Work task
Among the entries below, the lines from the one with "The concept applied to a 3/4 groove" up to and including the one with "Head Coach of" are to be restated exactly, without pictures.

Extracted records
-- Opening Marker --

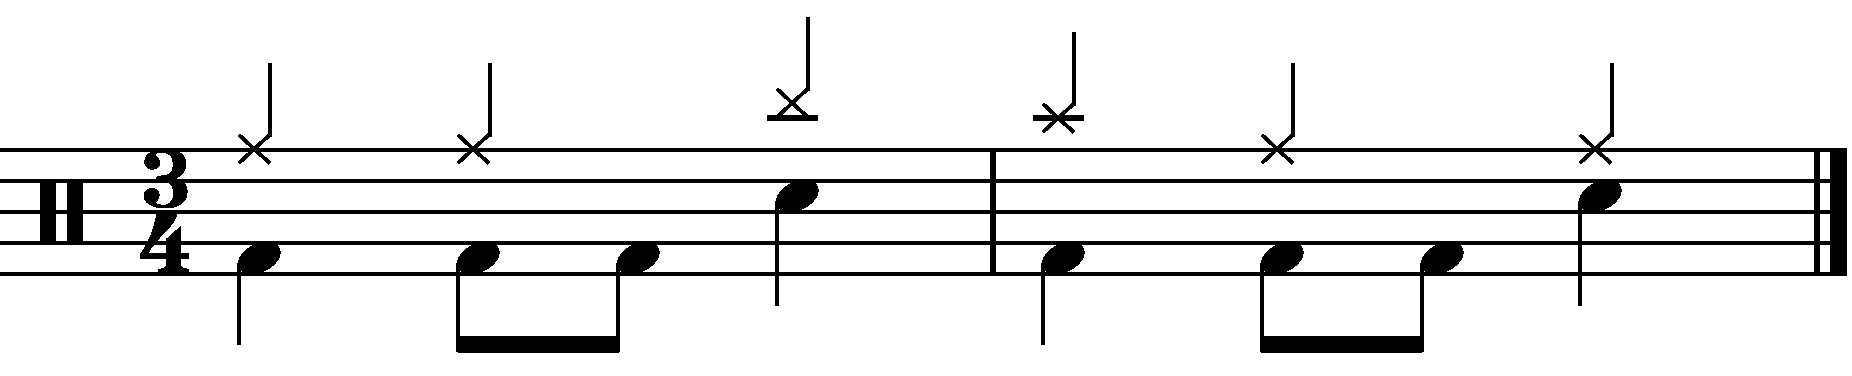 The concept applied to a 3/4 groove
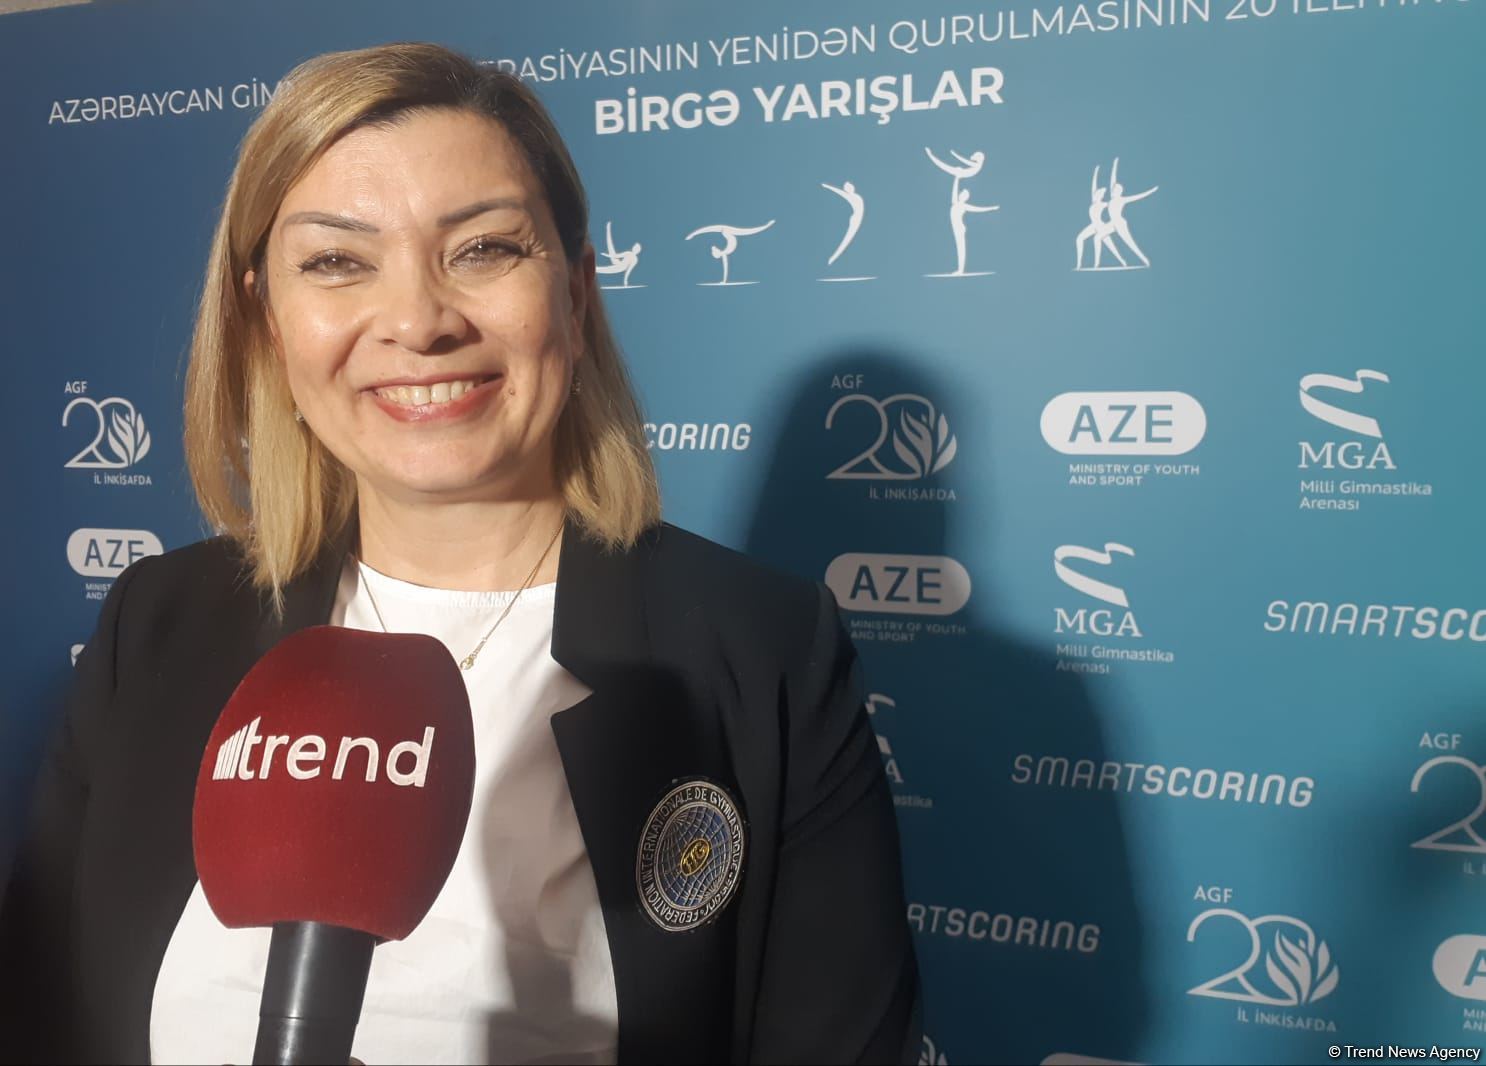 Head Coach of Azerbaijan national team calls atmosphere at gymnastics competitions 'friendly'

-- Closing Marker --
-- Opening Marker --

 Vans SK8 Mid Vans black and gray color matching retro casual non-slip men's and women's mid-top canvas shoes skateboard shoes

-- Closing Marker --

Task solution
 The concept applied to a 3/4 groove
 Head Coach of Azerbaijan national team calls atmosphere at gymnastics competitions 'friendly'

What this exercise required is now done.